There are several limitations to this study. First, the variable of lymphatic status was not analyzed. In the SEER database, most of biliary cases had their lymphatic status unknown, and few cases had their harvested lymph nodes more than three,which was the minimum number to accurately evaluate lymphatic metastasis[26].Therefore, although the pattern of lymphatic metastasis was different among CC, GC and EC[20,27,28], inclusion of this variable had modest value to increase performance of models.
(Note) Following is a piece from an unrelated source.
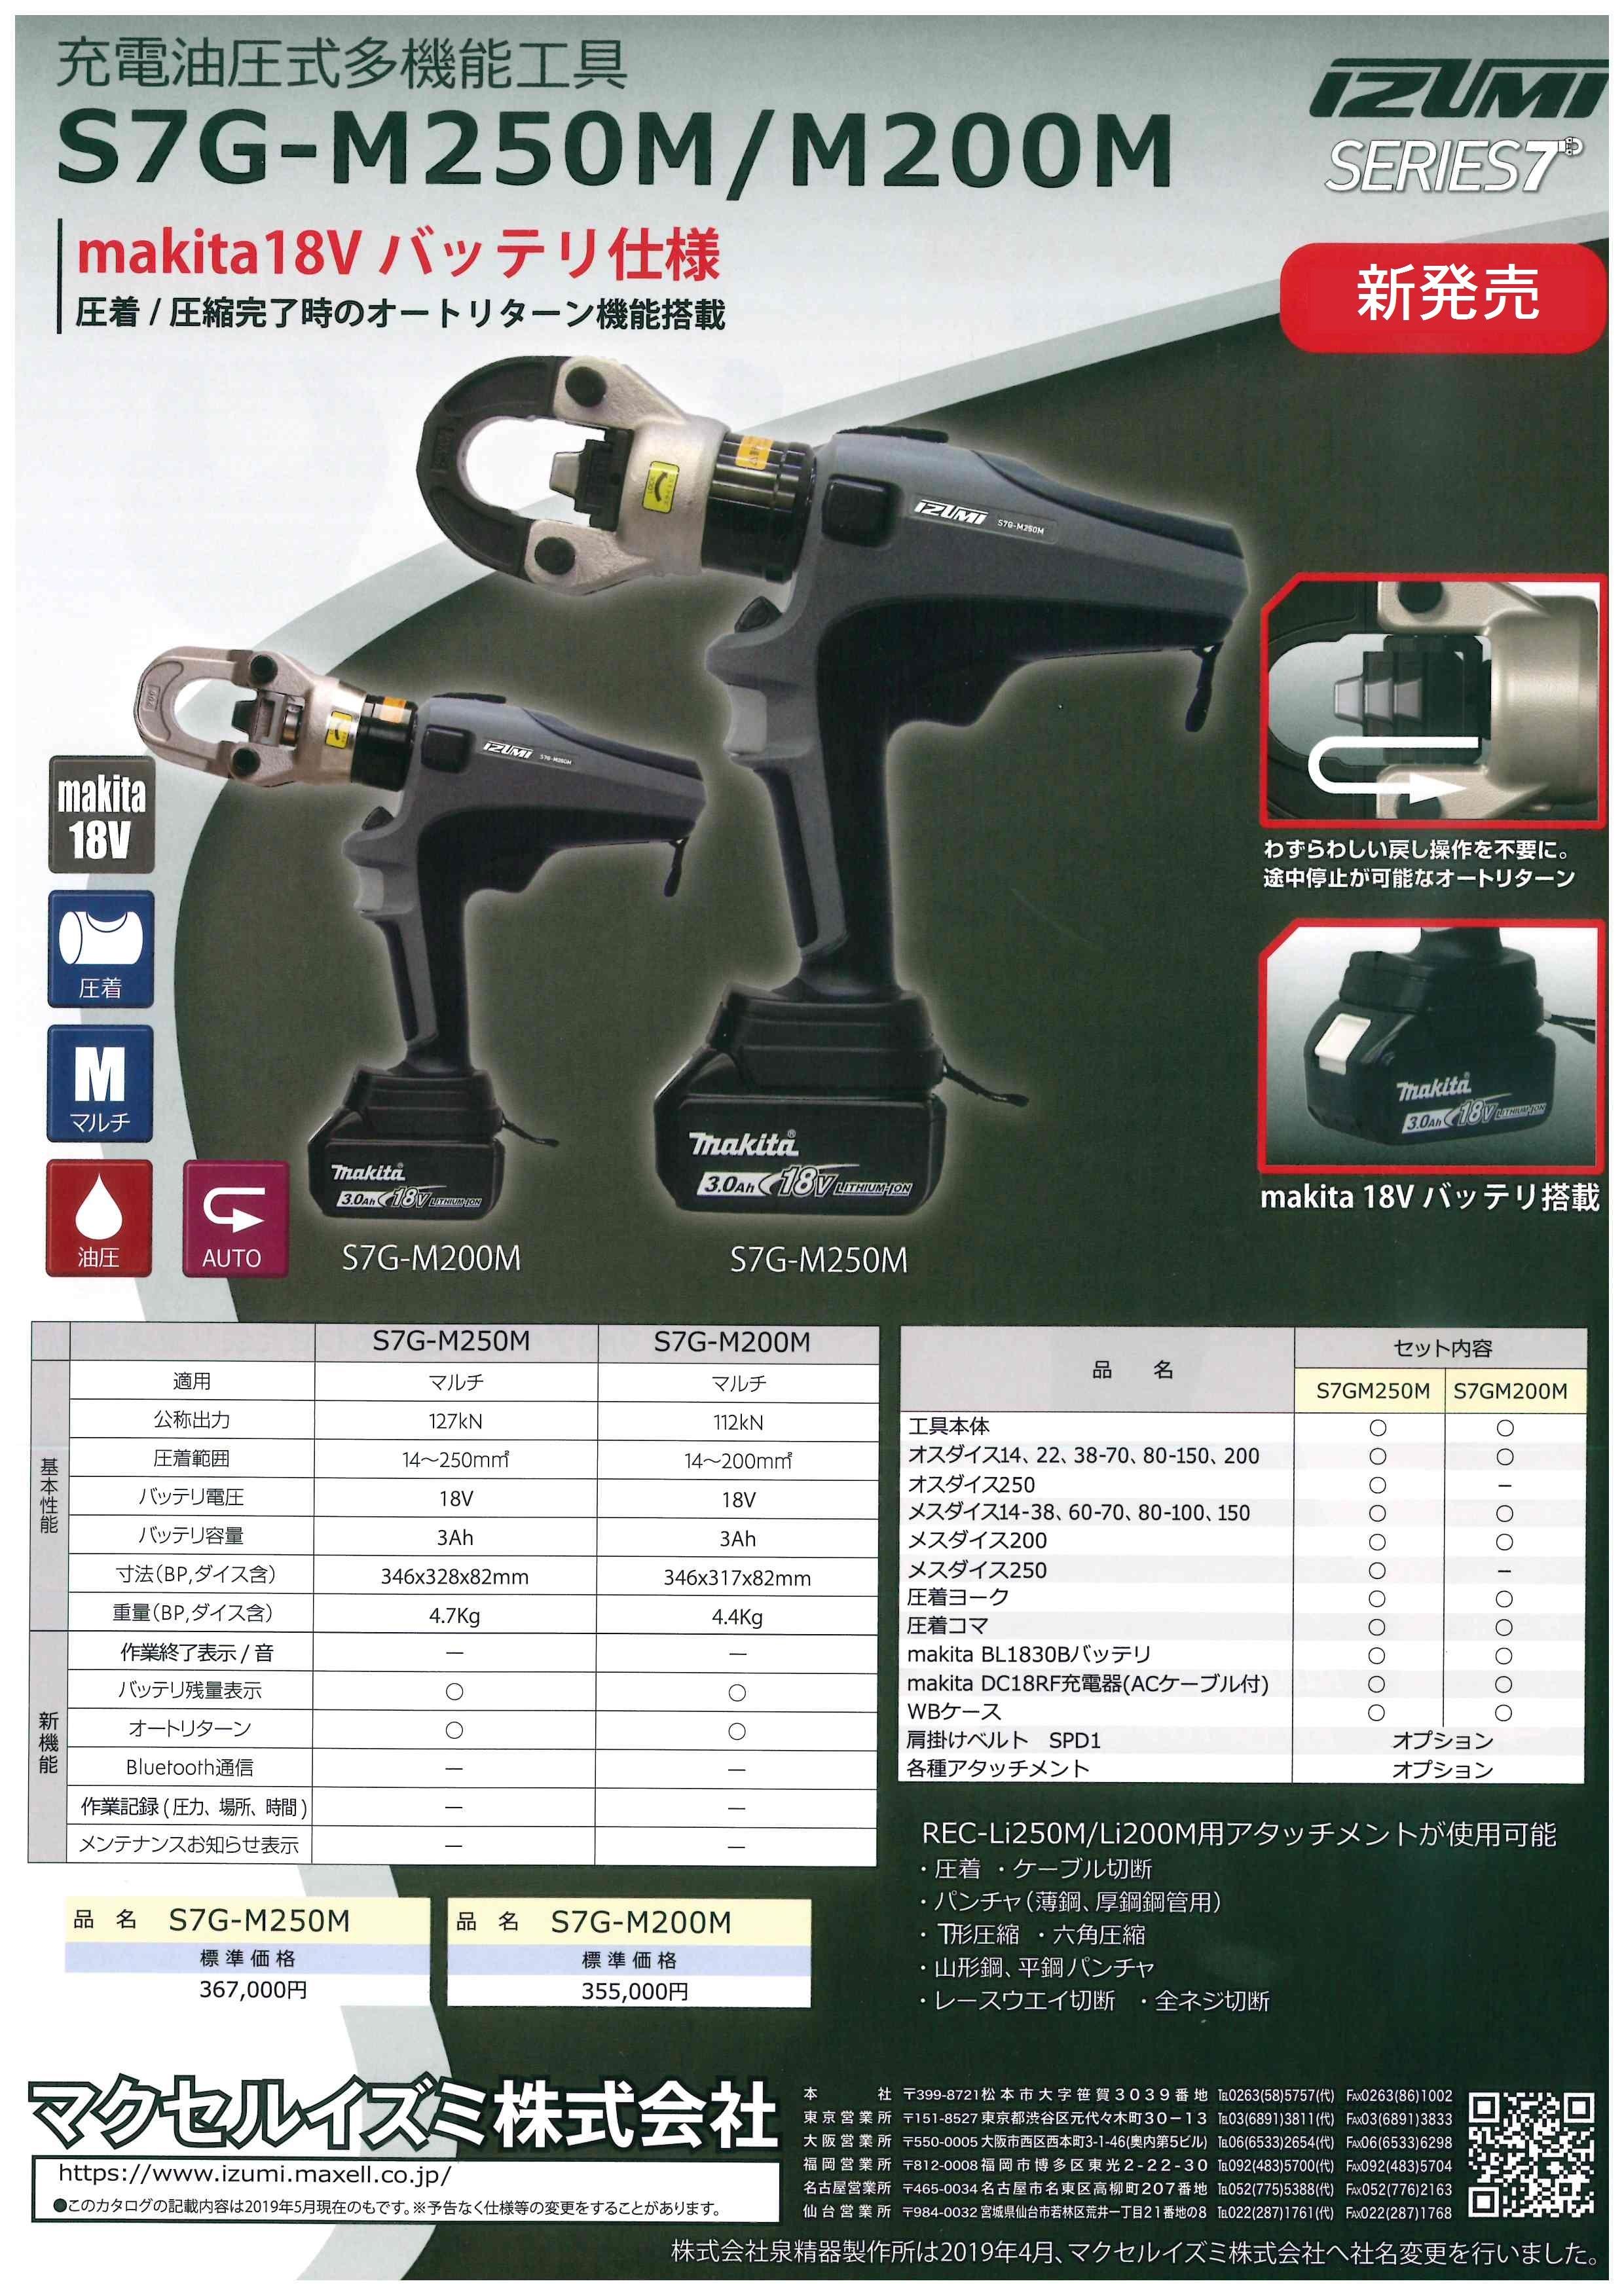 S7G-M200M チラシ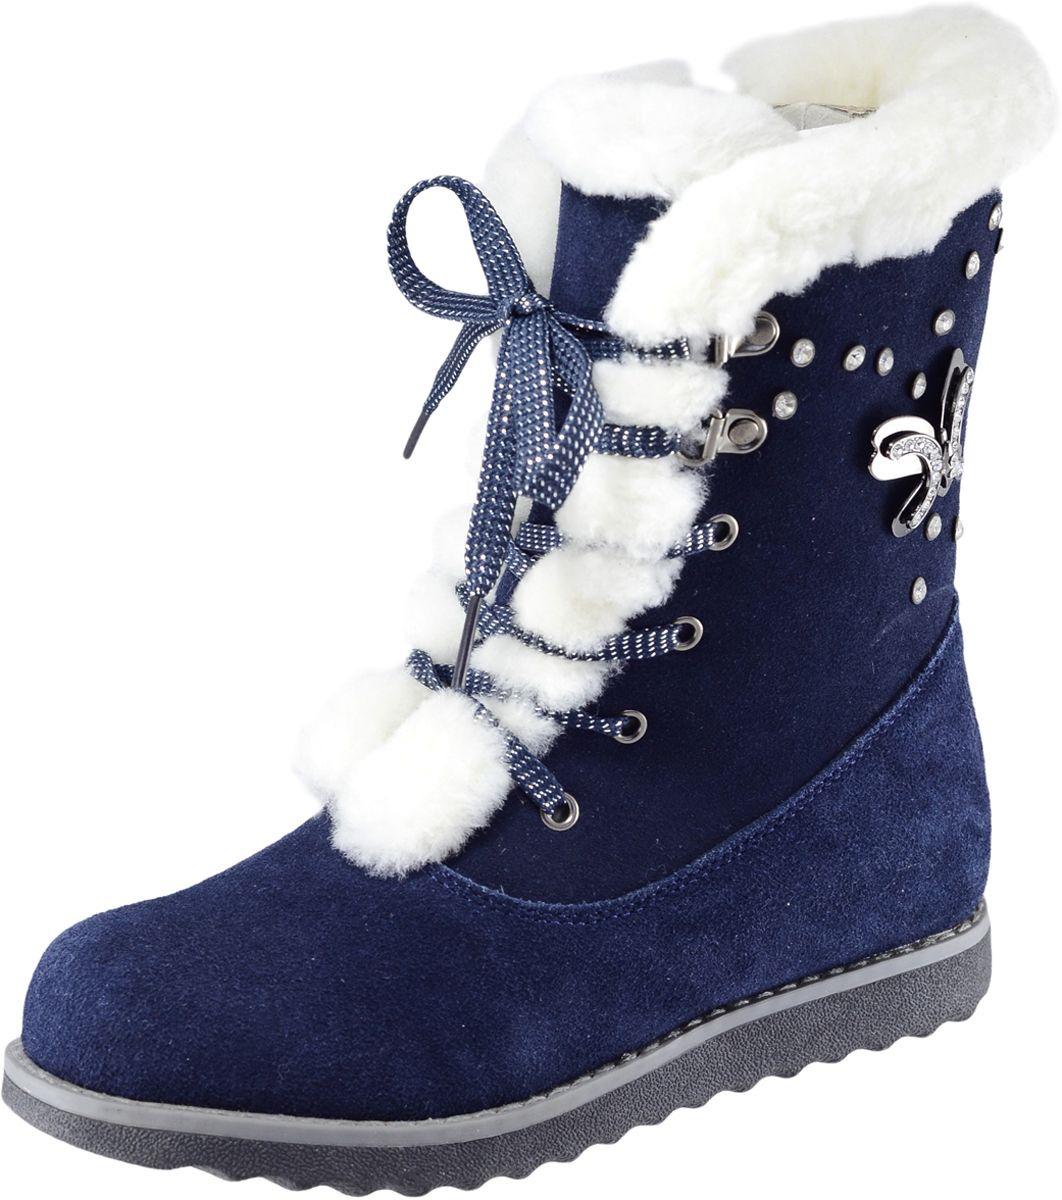 Сапоги Buddy Dog сапоги для девочки buddy dog цвет синий by8829 3 размер 28

Second, whole genome sequencing also could help to clarify the categorization of CC. However, due to the extreme rarity of CC specimens, this molecular evidence is currently not available.

CONCLUSION

In conclusion, our study argued with categorization of CC in the current AJCC and UICC manuals, and suggested that CC should be categorized as a type of EC.Extended surgical resection might be considered in CC cases, to see whether longterm prognosis could be immensely improved like the situation in EC.

ARTICLE HIGHLIGHTS

Research background

According to the current guidelines, cystic duct cancer (CC) is categorized as a type of gallbladder cancer (GC), which has the worst prognosis among all types of biliary cancers.

Research motivation

In previous studies, no direct epidemiological evidence verified that CC was more similar to GC,rather than extrahepatic cholangiocarcinoma (EC).

Research objectives

This study aimed to investigate the categorization of CC based on population-level data.

Research methods

We used three taxonomic methods for analysis, including Fisher’s discriminant, binary logistics and artificial neuron network models.

Research results

The T staging system of perihilar cholangiocarcinoma (a type of EC) better discriminated CC prognosis than that of GC. By using the three taxonomic models, the majority (75.0%-77.8%) of CC cases were categorized as EC.

Research conclusions

Our study suggested that CC should be categorized as a type of EC, not GC.

Research perspectives

Aggressive surgical attitude might be considered in CC cases, to see whether long-term prognosis could be immensely improved like the situation in EC. Future studies with larger sample size are needed.